Make sure you have the following libraries:
pip install matplotlib
pip install networkx
To generate the ER diagram:
python diagram.py
You can see the actual diagram:

What are the top 5 brands by receipts scanned for most recent month?
WITH RecentMonth AS (
SELECT
b.name AS brand_name,
COUNT(r.receipt_id) AS receipt_count
FROM
Receipts r
JOIN
Receipt_Items ri ON r.receipt_id = ri.receipt_id
JOIN
Brands b ON ri.brand_id = b.brand_id
WHERE
r.date_scanned >= DATE_FORMAT(NOW() - INTERVAL 1 MONTH, '%Y-%m-01')
AND r.date_scanned < DATE_FORMAT(NOW(), '%Y-%m-01')
GROUP BY
b.name
ORDER BY
receipt_count DESC
LIMIT 5
);
How does the ranking of the top 5 brands by receipts scanned for the recent month compare to the ranking for the previous month?
-- Get the top 5 brands for the most recent month
WITH RecentMonth AS (
SELECT
b.name AS brand_name,
COUNT(r.receipt_id) AS receipt_count
FROM
Receipts r
JOIN
Receipt_Items ri ON r.receipt_id = ri.receipt_id
JOIN
Brands b ON ri.brand_id = b.brand_id
WHERE
r.date_scanned >= DATE_FORMAT(NOW() - INTERVAL 1 MONTH, '%Y-%m-01')

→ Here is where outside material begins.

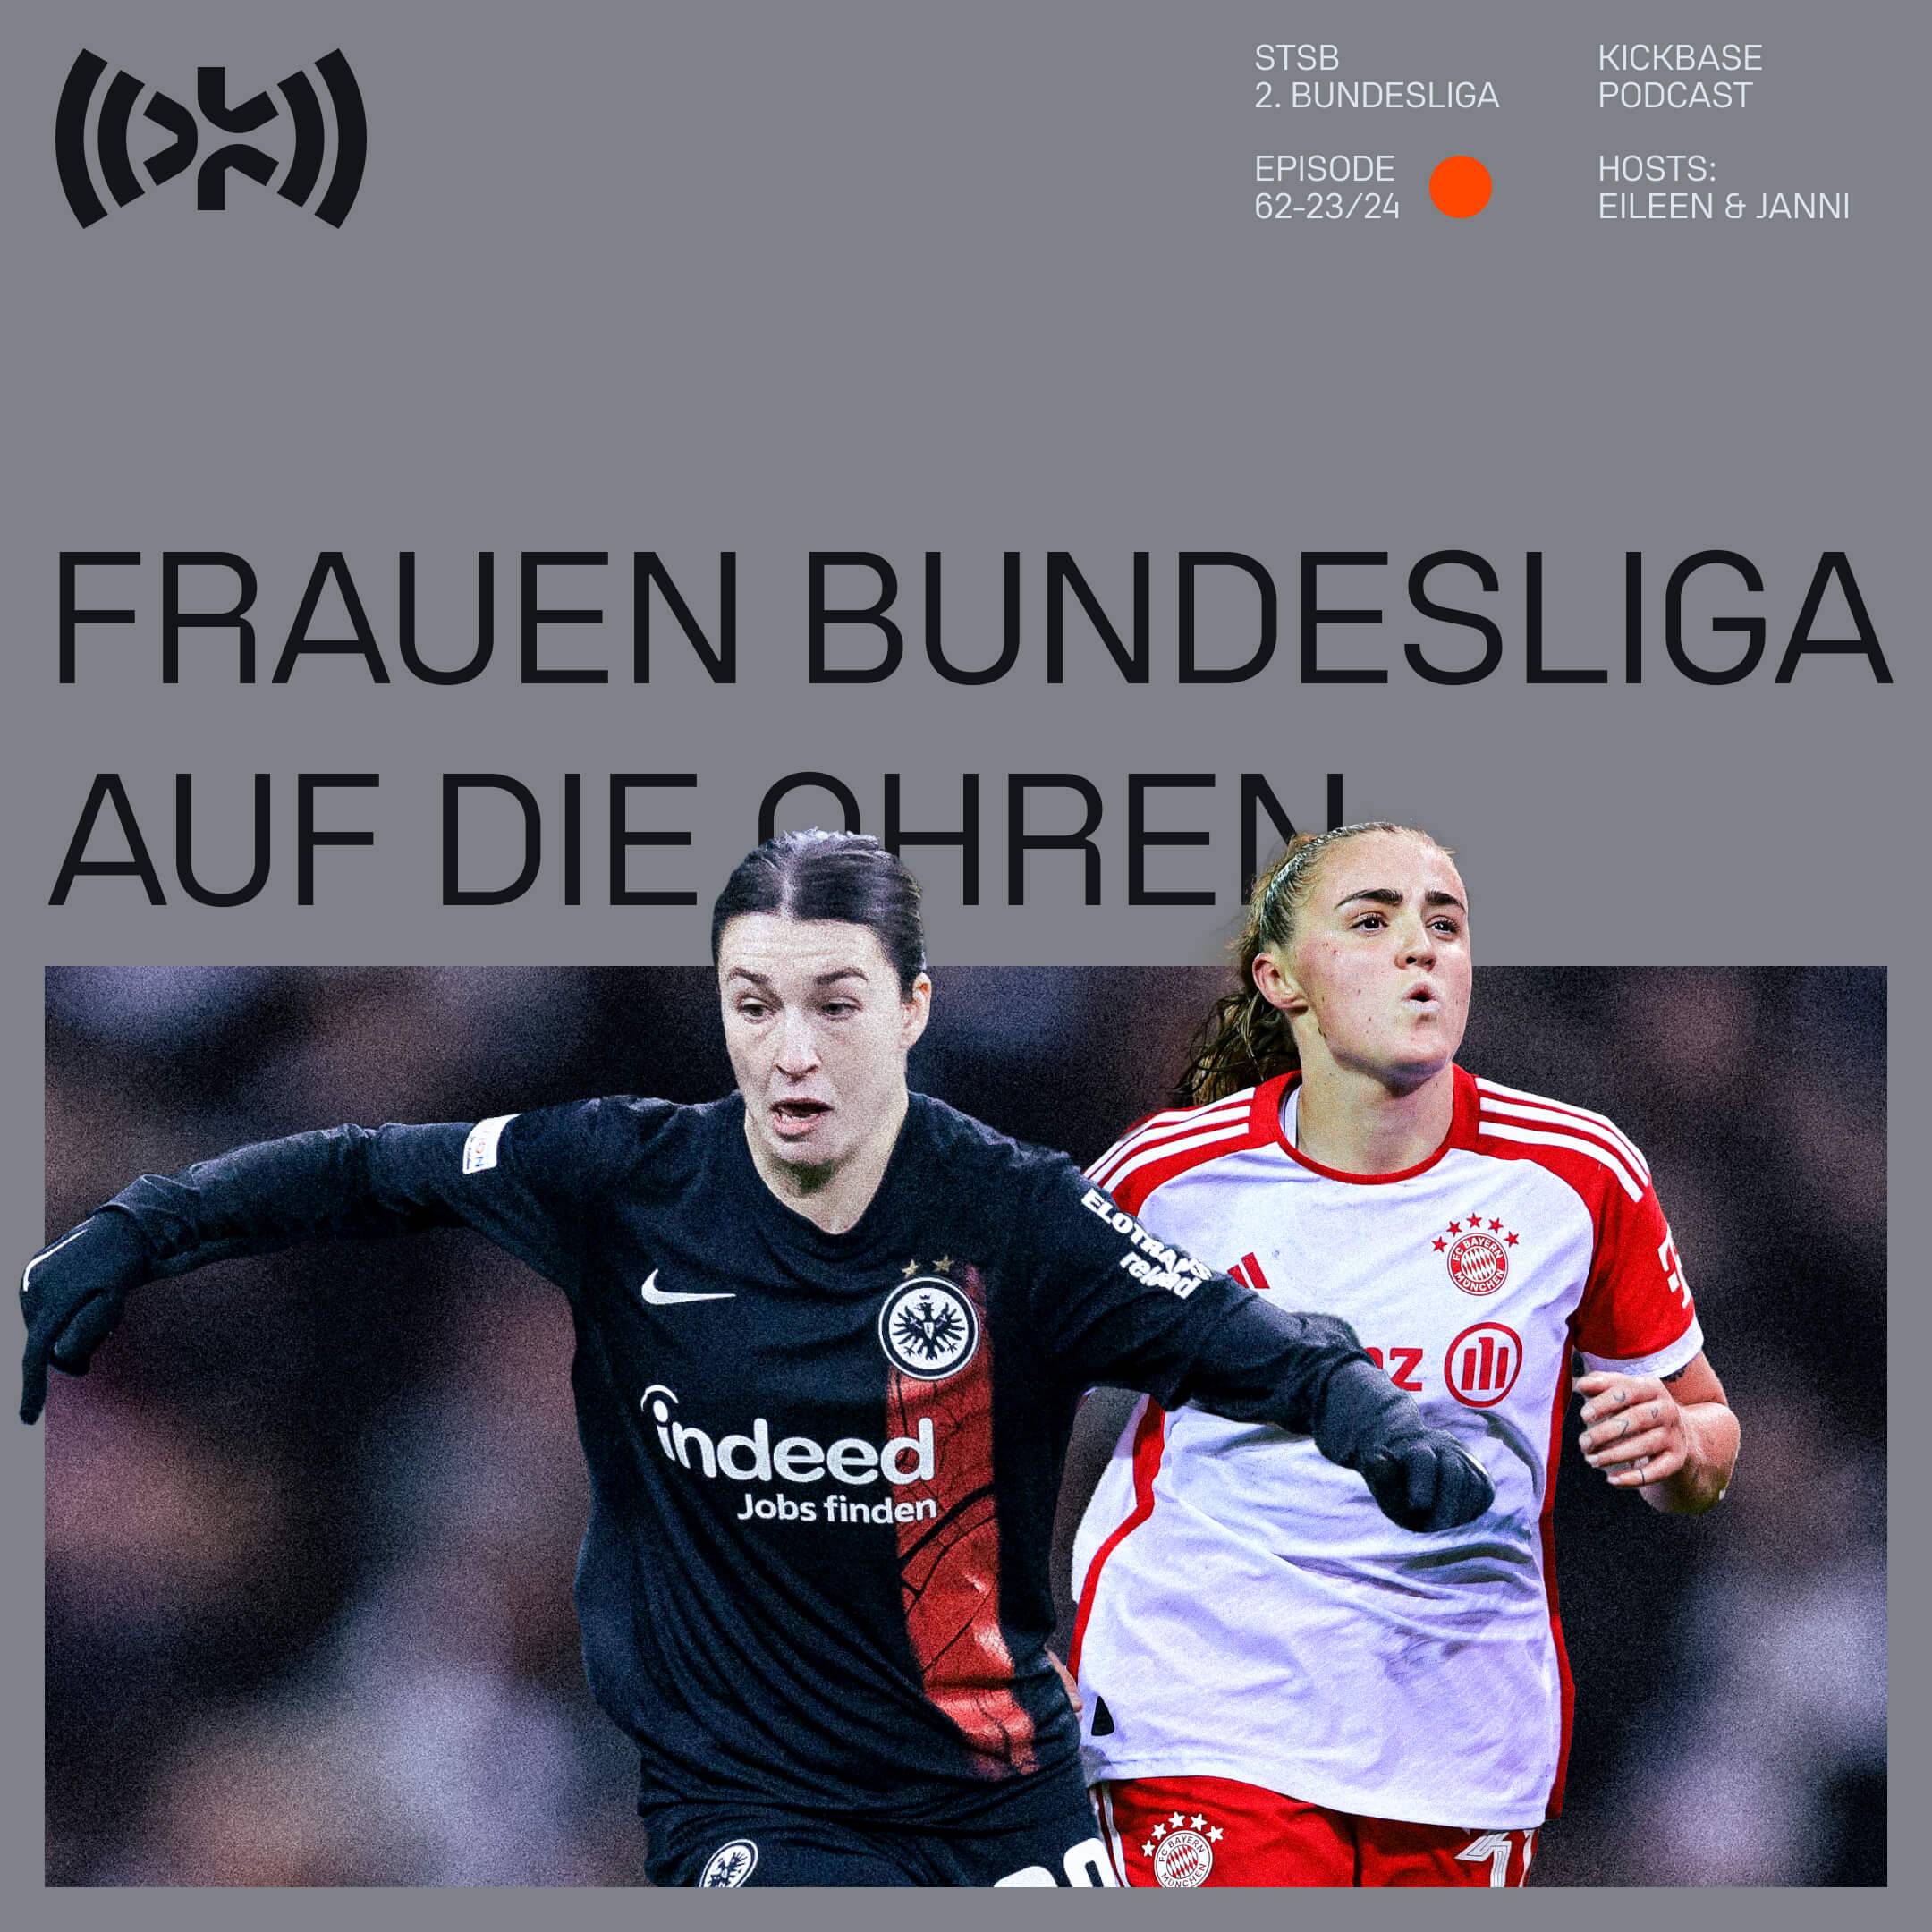 Frauen Bundesliga auf die Ohren

AND r.date_scanned < DATE_FORMAT(NOW(), '%Y-%m-01')
GROUP BY
b.name
ORDER BY
receipt_count DESC
LIMIT 5
),
-- Get the top 5 brands for the previous month
PreviousMonth AS (
SELECT
b.name AS brand_name,
COUNT(r.receipt_id) AS receipt_count
FROM
Receipts r
JOIN
Receipt_Items ri ON r.receipt_id = ri.receipt_id
JOIN
Brands b ON ri.brand_id = b.brand_id
WHERE
r.date_scanned >= DATE_FORMAT(NOW() - INTERVAL 2 MONTH, '%Y-%m-01')

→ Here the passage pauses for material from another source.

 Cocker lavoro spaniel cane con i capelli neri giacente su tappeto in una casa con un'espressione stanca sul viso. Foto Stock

AND r.date_scanned < DATE_FORMAT(NOW() - INTERVAL 1 MONTH, '%Y-%m-01')
GROUP BY
b.name
ORDER BY
receipt_count DESC
LIMIT 5
)
-- Compare the top brands between the two months
SELECT
rm.brand_name AS recent_month_brand,
rm.receipt_count AS recent_month_count,
pm.brand_name AS previous_month_brand,
pm.receipt_count AS previous_month_count
FROM
RecentMonth rm
LEFT JOIN
PreviousMonth pm ON rm.brand_name = pm.brand_name
UNION
SELECT
pm.brand_name AS recent_month_brand,
NULL AS recent_month_count,
pm.brand_name AS previous_month_brand,
pm.receipt_count AS previous_month_count
FROM
PreviousMonth pm
LEFT JOIN
RecentMonth rm ON pm.brand_name = rm.brand_name
WHERE
rm.brand_name IS NULL;
Which brand has the most transactions among users who were created within the past 6 months?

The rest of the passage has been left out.